Those memories, among others, will live on for McKenna and the rest of the Grafton basketball program as it attempts to persevere through a season marred by tragedy.

Davis-Joiner, a 17-year-old senior with no prior health problems, died Monday night after collapsing a few minutes into practice. Despite attempts to resuscitate him from a nurse who was in the building, Davis-Joiner did not regain consciousness.

"This happened in front of both the boys and girls teams," McKenna said. "The thing that's really sad, not only for Josh's family, is these high school players had to watch their friend pass away in front of them. It's been tough."

McKenna, 44 and in his fifth season as Grafton coach, said Davis-Joiner was one of the team's most high-energy players, and he brought a work ethic to each practice that was unparalleled. When Davis-Joiner struggled with grades last season and did not play, he still came to every practice and worked at his grades until he could become a contributor on the team.

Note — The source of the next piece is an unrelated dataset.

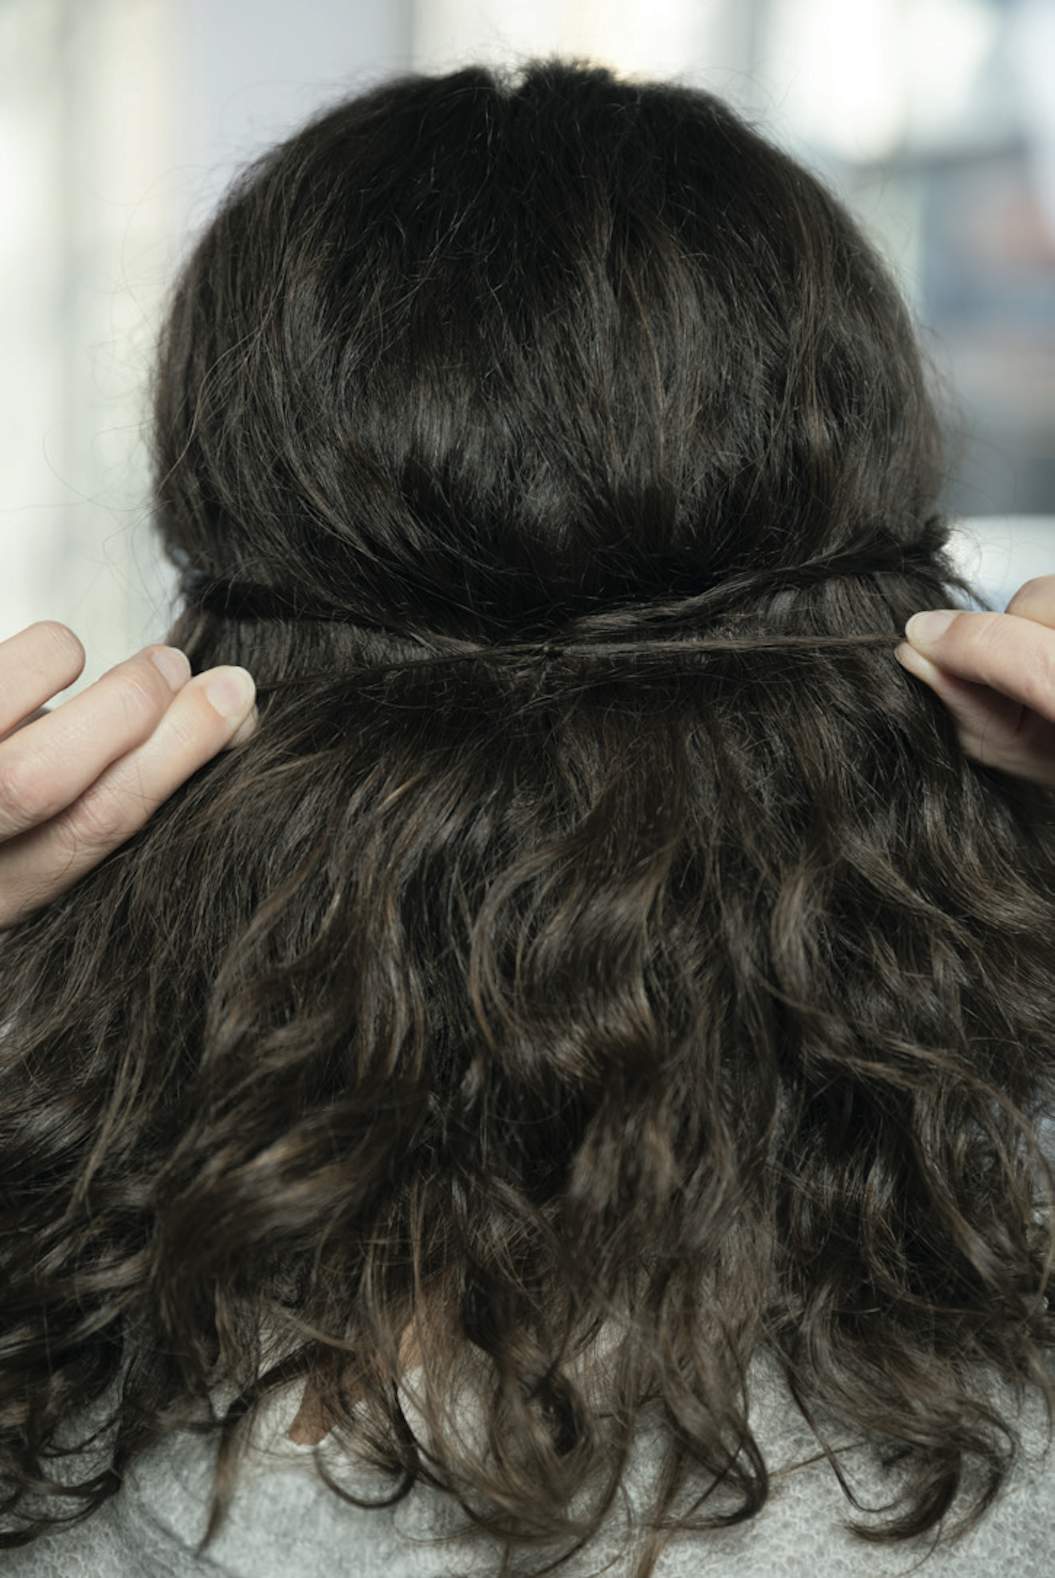 Håret knold i Opsatte frisurer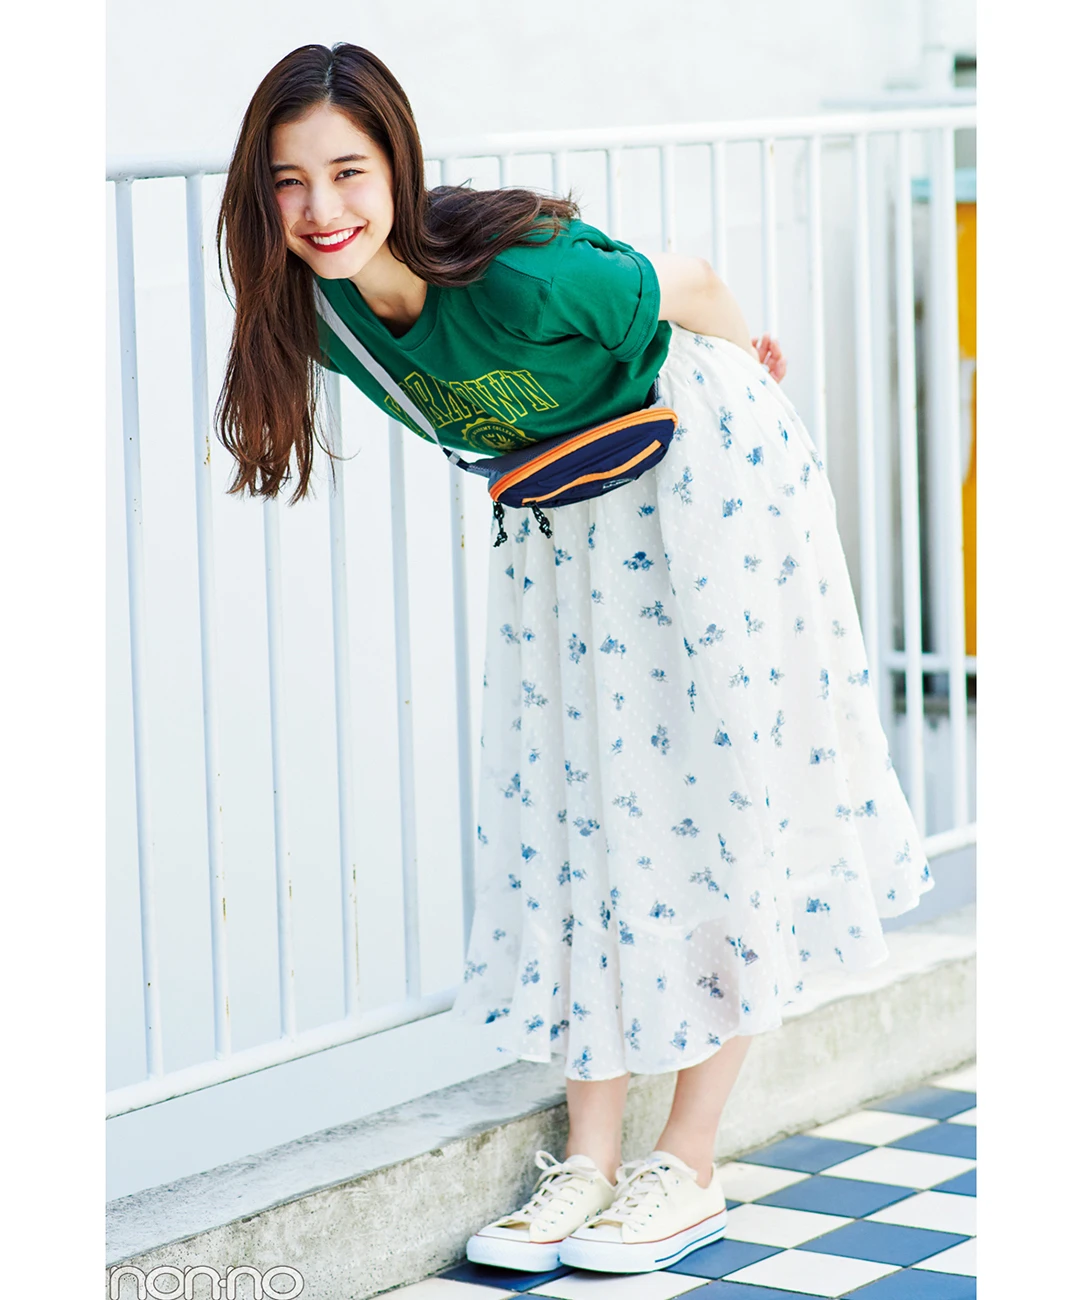 【夏のロングスカートコーデ】新木優子の、フェミスカートでギャップを狙うスポカジコーデ♡

"He was a kid that didn't get a lot of the limelight, so to speak, didn't get a lot of headlines, but just did the dirty work and was one of those kids," said McKenna, a middle school social studies teacher at Saint Catherine School in Milwaukee. "He was basically the kid that had to guard the other team's best guard or forward and did it with pride. He did it with a ton of energy and knew that in order to be successful, somebody had to do that, and he was more than willing to be that player."

Davis-Joiner, a 6-foot-2 guard, was averaging 3.3 points per game, and his role was to provide a spark off the bench. His final basket at Grafton came during last Thursday's game against Milwaukee Lutheran, when he stole an inbounds pass at midcourt just before the end of the third quarter and raced in for a slam dunk that electrified the crowd.

"What's funny is you watch him try to throw down a dunk in practice, and it was not going to happen," McKenna said. "He'd sit there after practice and go, 'I'll get it.' Then finally after sheer exhaustion he'd say, "OK, I'll try again tomorrow night,' and he would. That's the kind of perseverance he had.

"I don't know if it was a preparation of things to come, being lifted up that extra step or just in the moment, but he threw down one heck of a dunk. If you're going to leave on a high note, Josh left on a high note."

In order to help students cope with the loss, extra counselors were brought in Tuesday to the school, which has an enrollment of 825. According to Grafton's school website, Davis-Joiner's funeral service will take place at 1:30 p.m. Saturday at Mason Temple Church of God in Christ in Milwaukee. Visitation is from 12:30 to 1:30 p.m.

McKenna said he spoke with Grafton principal Ken McCormick about whether the team should postpone practices and its first game without Davis-Joiner, which takes place Friday at Port Washington.

"He sat down with me and wanted to know what I thought we should do," McKenna said. "I said, 'I don't know.' He said, 'You need to practice.' I looked at him like you've got to be kidding me.  . . . Guidance counselors all talked about this. They said, 'You need to get back into practice. You need to keep things as normal as possible.' That actually helps on the path to recovery."

McKenna said the team had a scheduled day off on Tuesday but that it would practice on Wednesday and Thursday. Grafton will play its game as scheduled on Friday against Port Washington.

"We're going to go out and do the best we can," McKenna said. "It's not going to be easy. I'm sure there's going to be a lot of mental mistakes. But we're going to do the best we can under the circumstances."